● **Work request**:
Given the entries that follow, write out exactly the lines starting at the one containing "Cheetos Crew Socks - 2 Pack" and ending at the one containing "ATL Crewneck Sweatshirt", both ends included, and only those.

(Records drawn from a dataset)
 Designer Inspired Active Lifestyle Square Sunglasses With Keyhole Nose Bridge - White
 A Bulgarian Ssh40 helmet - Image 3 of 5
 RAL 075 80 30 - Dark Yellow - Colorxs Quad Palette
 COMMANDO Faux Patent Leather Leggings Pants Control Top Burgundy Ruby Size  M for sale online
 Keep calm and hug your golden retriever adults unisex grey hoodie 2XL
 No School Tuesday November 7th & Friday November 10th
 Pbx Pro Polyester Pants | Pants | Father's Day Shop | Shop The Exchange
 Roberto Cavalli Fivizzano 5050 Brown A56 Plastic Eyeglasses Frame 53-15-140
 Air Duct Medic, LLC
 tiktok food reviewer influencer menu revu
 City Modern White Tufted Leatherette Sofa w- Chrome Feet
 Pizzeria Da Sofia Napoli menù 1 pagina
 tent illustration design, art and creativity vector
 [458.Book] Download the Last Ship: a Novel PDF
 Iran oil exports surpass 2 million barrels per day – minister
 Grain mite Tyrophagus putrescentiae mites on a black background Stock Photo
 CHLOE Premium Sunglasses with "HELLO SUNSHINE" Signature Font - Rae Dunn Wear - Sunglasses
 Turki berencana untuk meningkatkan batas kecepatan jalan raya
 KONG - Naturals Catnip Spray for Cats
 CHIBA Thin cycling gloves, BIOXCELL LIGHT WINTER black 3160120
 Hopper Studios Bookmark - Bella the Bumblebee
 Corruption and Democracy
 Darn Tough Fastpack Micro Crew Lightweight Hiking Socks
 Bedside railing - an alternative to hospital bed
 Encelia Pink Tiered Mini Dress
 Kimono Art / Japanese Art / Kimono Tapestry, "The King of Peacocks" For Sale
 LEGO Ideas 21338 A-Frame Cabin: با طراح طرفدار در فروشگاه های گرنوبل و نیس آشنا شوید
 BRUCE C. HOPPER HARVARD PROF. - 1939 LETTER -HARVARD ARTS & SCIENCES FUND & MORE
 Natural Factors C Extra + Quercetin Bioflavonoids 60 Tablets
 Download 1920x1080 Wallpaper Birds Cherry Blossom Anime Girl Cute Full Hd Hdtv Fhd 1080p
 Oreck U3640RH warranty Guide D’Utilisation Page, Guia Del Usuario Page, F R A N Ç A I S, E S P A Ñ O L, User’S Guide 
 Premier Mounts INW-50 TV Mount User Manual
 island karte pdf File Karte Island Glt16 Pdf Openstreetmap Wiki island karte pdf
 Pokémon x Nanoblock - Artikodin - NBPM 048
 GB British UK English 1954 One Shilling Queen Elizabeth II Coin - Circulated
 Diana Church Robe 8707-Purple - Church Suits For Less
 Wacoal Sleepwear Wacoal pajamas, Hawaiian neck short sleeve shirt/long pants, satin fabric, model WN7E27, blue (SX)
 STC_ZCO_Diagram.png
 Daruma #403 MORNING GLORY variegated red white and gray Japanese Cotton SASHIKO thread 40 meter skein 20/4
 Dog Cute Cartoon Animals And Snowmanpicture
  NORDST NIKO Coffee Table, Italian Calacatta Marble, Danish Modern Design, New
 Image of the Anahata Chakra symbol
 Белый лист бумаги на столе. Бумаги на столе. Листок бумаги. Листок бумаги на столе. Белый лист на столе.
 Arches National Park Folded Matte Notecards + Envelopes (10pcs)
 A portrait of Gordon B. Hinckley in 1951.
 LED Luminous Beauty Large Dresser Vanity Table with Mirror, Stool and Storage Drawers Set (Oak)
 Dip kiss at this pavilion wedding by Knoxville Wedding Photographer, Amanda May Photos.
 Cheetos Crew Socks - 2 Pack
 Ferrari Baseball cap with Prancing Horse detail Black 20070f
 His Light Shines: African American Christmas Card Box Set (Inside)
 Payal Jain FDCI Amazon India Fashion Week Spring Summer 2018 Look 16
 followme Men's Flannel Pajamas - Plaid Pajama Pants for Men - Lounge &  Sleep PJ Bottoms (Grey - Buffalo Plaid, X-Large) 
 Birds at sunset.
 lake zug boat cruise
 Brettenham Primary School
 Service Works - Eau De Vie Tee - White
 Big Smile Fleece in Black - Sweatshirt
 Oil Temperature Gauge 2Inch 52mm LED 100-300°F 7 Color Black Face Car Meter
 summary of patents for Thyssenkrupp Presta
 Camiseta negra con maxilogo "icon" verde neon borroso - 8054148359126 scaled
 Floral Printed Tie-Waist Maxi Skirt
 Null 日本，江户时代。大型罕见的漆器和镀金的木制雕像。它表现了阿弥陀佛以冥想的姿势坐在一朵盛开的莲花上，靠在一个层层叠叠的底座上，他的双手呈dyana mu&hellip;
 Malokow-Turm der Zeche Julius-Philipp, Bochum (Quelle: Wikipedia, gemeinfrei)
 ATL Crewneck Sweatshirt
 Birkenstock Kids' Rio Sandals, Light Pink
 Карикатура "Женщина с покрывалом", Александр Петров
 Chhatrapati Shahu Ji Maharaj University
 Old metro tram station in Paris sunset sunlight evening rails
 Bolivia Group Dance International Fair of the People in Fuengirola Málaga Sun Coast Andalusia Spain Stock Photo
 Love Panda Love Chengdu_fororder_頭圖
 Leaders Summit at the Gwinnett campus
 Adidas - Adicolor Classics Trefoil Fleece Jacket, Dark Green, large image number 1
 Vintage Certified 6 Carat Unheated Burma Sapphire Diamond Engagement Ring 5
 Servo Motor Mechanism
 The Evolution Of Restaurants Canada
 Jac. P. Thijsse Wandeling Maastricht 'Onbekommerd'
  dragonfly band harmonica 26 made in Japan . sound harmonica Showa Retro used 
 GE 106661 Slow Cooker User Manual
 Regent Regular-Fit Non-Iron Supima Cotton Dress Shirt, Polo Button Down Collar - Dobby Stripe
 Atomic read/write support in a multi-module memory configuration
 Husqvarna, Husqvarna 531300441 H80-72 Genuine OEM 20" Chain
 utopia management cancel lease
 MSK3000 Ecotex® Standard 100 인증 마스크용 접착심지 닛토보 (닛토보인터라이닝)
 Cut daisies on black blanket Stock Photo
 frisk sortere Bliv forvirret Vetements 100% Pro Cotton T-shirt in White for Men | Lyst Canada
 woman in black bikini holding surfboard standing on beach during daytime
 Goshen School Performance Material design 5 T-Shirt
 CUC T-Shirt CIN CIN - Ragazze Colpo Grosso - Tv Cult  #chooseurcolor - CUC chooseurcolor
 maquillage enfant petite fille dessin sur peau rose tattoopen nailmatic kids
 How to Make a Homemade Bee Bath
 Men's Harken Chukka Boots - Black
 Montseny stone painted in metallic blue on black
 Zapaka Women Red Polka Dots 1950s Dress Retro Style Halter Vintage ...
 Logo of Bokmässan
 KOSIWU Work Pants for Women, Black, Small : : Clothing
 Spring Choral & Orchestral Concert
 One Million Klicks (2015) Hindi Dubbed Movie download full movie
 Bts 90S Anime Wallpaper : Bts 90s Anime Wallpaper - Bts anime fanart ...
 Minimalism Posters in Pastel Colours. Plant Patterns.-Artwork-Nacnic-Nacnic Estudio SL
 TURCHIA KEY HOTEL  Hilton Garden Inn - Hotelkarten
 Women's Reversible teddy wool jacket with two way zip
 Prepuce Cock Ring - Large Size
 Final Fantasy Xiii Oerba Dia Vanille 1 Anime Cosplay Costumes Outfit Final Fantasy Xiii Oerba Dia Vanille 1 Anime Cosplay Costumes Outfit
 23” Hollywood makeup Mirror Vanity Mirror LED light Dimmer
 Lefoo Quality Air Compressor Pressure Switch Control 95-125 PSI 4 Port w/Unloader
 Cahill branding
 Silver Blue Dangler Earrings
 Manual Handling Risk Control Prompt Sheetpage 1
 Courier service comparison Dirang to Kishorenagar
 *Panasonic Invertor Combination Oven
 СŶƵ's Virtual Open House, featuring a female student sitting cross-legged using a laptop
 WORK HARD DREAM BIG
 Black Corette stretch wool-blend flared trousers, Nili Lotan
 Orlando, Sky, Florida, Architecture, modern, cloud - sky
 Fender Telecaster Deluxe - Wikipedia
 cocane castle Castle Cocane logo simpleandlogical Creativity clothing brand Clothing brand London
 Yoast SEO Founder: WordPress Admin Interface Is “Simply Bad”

● **Exercise solution**:
 Cheetos Crew Socks - 2 Pack
 Ferrari Baseball cap with Prancing Horse detail Black 20070f
 His Light Shines: African American Christmas Card Box Set (Inside)
 Payal Jain FDCI Amazon India Fashion Week Spring Summer 2018 Look 16
 followme Men's Flannel Pajamas - Plaid Pajama Pants for Men - Lounge &  Sleep PJ Bottoms (Grey - Buffalo Plaid, X-Large) 
 Birds at sunset.
 lake zug boat cruise
 Brettenham Primary School
 Service Works - Eau De Vie Tee - White
 Big Smile Fleece in Black - Sweatshirt
 Oil Temperature Gauge 2Inch 52mm LED 100-300°F 7 Color Black Face Car Meter
 summary of patents for Thyssenkrupp Presta
 Camiseta negra con maxilogo "icon" verde neon borroso - 8054148359126 scaled
 Floral Printed Tie-Waist Maxi Skirt
 Null 日本，江户时代。大型罕见的漆器和镀金的木制雕像。它表现了阿弥陀佛以冥想的姿势坐在一朵盛开的莲花上，靠在一个层层叠叠的底座上，他的双手呈dyana mu&hellip;
 Malokow-Turm der Zeche Julius-Philipp, Bochum (Quelle: Wikipedia, gemeinfrei)
 ATL Crewneck Sweatshirt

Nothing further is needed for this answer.